My own experience as a new librarian has centered upon grappling with these issues. In graduate school, I had the opportunity to work in the digital services department of a library within a major academic research institution. There I received mentoring from a team of librarians experienced in digitization and was able to get my feet wet planning and executing projects for the school’s already-established digital library. This afforded me an excellent, if rather one-sided, view of the digital library world. Upon graduation, I accepted a position as digital projects librarian at Truman State University, a small public liberal arts university in Kirksville, Mo. I was tasked with kick-starting the library’s digitization efforts, beginning with the creation of an online repository of unique and rare materials from Special Collections. While well-prepared in theory, I slowly began to feel overwhelmed by the complexity of the task and unexpected obstacles that I encountered. As the project’s completion was pushed further into the future, it sometimes seemed as if it might never get off the ground.
One year later, the digital library is still under development. But significant progress has been made, and the light at the end of the tunnel is clearly visible. What seemed like major hurdles turned out to be surmountable and resulted in learning lessons that may be helpful for other librarians who find themselves in a similar position, whether or not they have previous experience with digitization.
Lesson 1: Accept Your Limitations
An important first step is to realistically assess your skills. Realize and accept that you can’t do everything yourself, although it might be tempting to try.
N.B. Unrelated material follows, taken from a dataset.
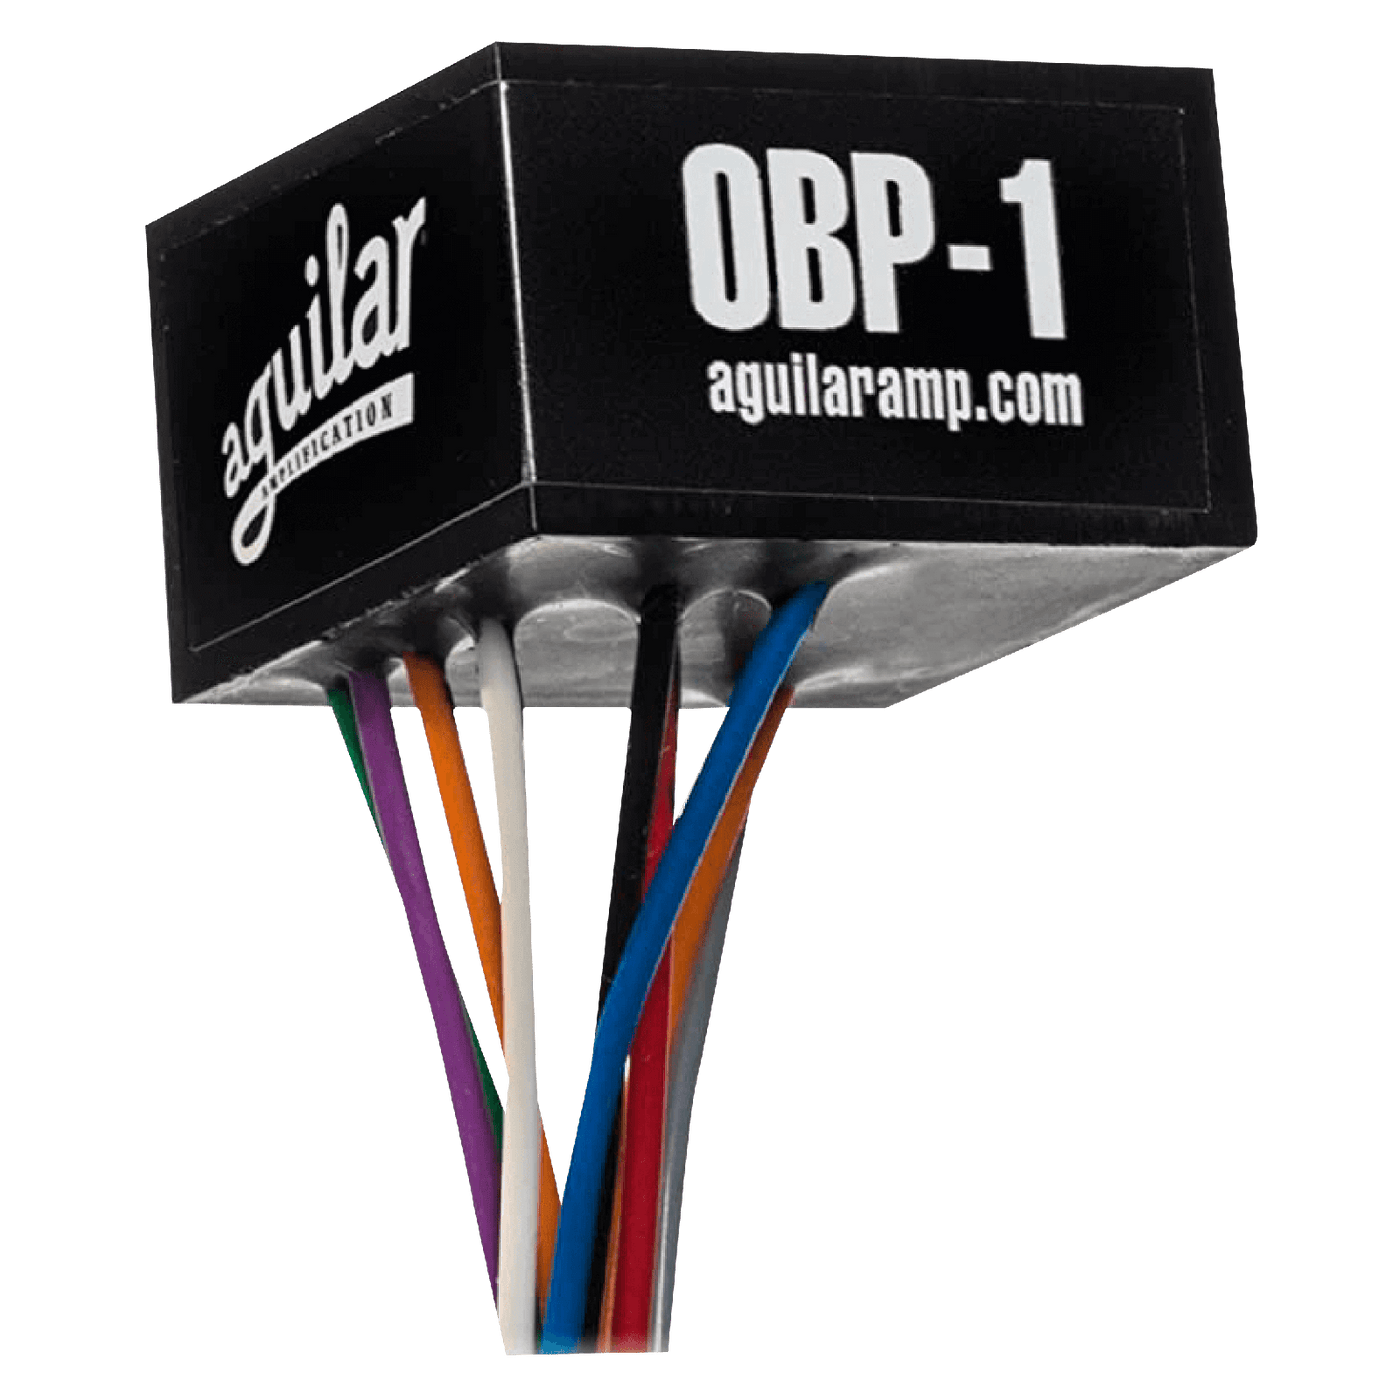 Aguilar OBP-1 - El diseño de solo boost del OBP-1 le brinda los beneficios de modelado de tono de la electrónica activa sin perder el sonido inherente del instrumento. El circuito discreto totalmente FET del OBP-1 presenta hasta 18 dB de impulso a 40 Hz y

When I was new to the job, I had a somewhat inflated sense of my abilities—aside from hiring a student worker to assist with scanning, I was determined to prove to myself and my colleagues that I could construct the digital collections website more or less on my own. This might have been feasible had our library possessed the funds to purchase CONTENTdm or a similar digital collections management system that offers an out-of-the-box solution and technical support. Unfortunately, this was not the case, as the annual licensing fee was beyond what the library’s rapidly shrinking budget could support. (As a public institution, our finances were being stretched ever thinner due to the Great Recession and resulting state budget cuts.)
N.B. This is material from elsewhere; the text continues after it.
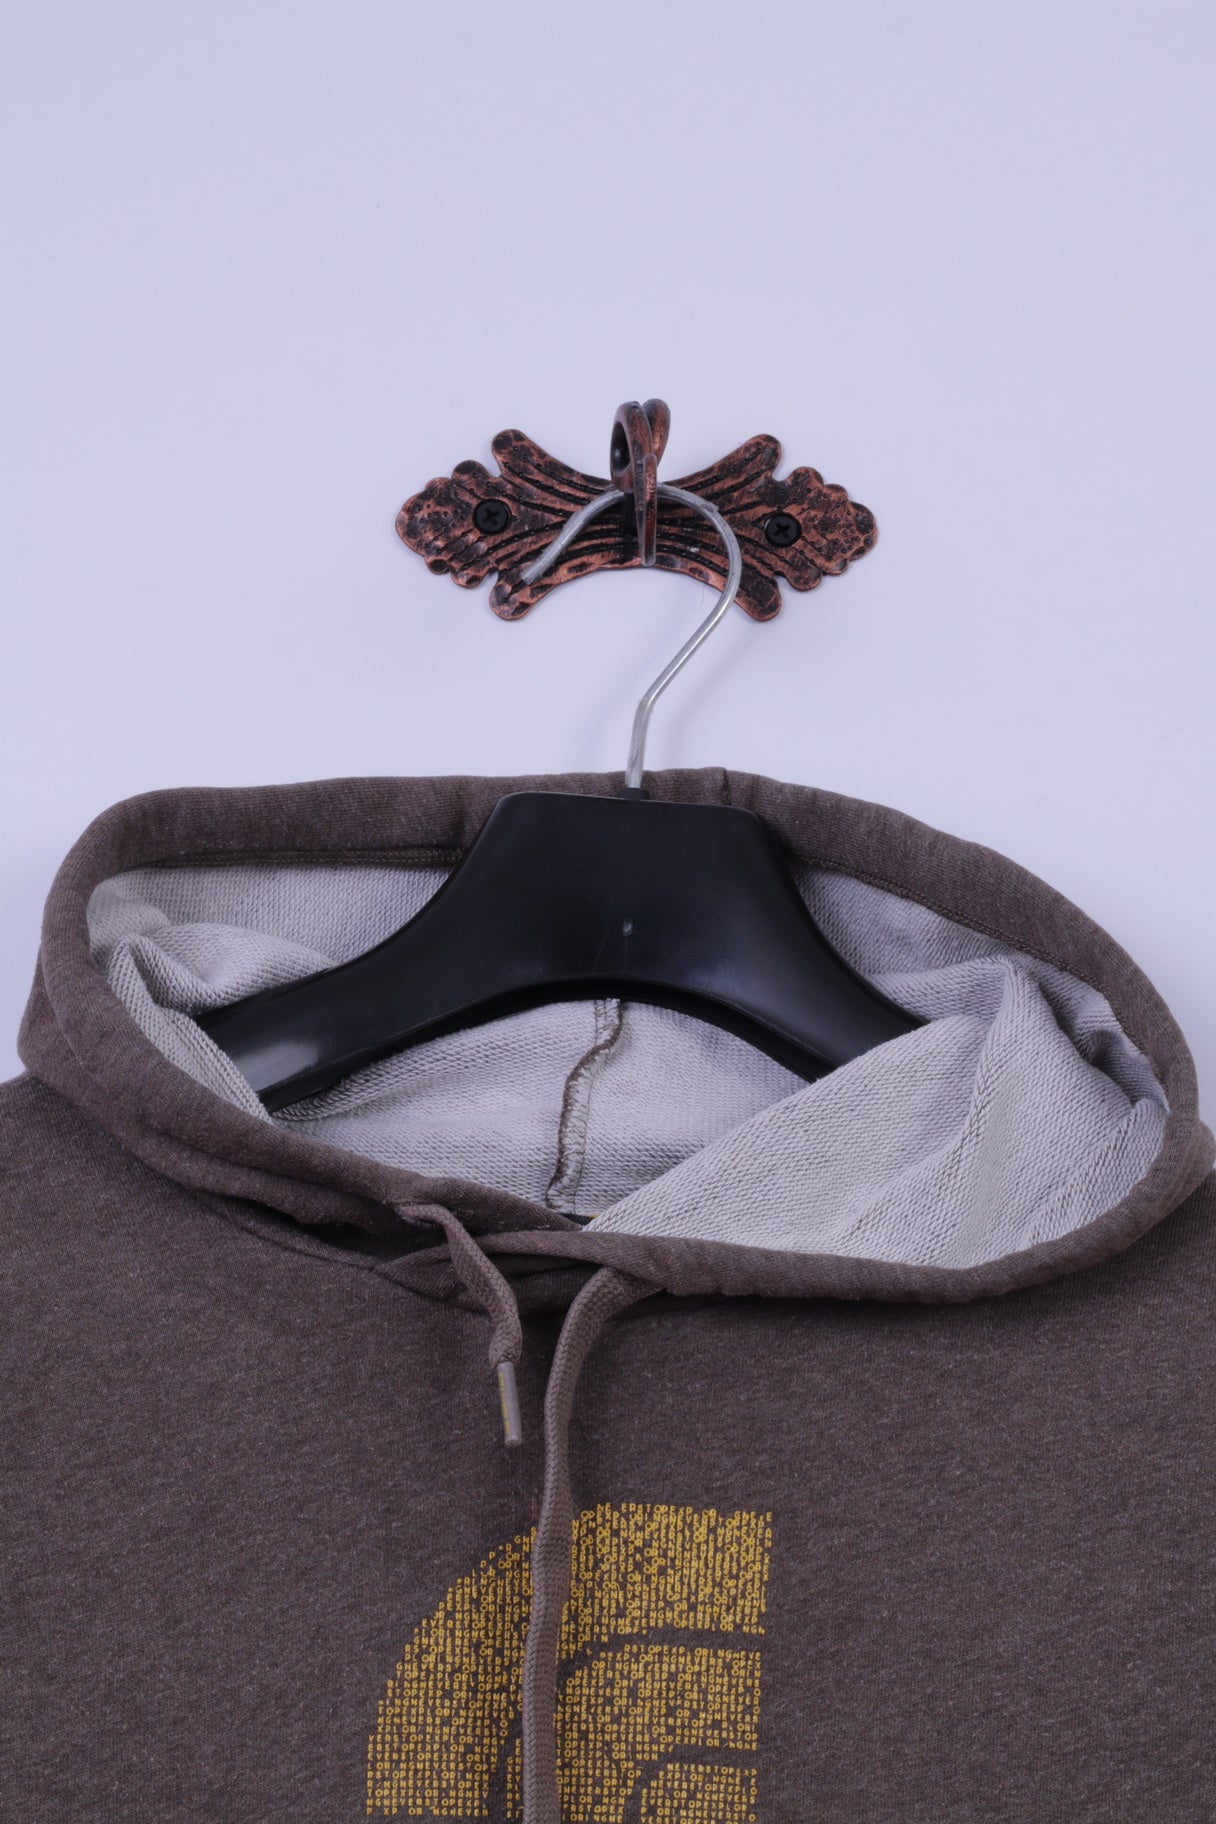 The North Face Sweat à capuche XS pour homme en coton marron avec logo graphique avec poche kangourou

To deliver the collections online, the open source Greenstone software was chosen instead, due to its low price (it’s free) and highly configurable interface. While it offers a bare-bones front end upon installation, Greenstone can be customized to provide a sophisticated user experience similar to that of CONTENTdm. However, it requires a certain level of programming skill that I quickly realized I didn’t possess—I had some experience, but I was no web developer. After months of struggling, I was forced to face the fact that this particular task was outside the scope of my current abilities. The realization was a relief and freed me up to focus on finding a person more suited to the job. Admitting this limitation and seeking outside help from the beginning would have saved a lot of time and frustration. Regardless of what your specific strengths or weaknesses are, focus on project management as your primary task and don’t hesitate to delegate authority in areas in which you are not an expert. In my case, it meant seeking the services of a consulting firm specializing in Greenstone customization.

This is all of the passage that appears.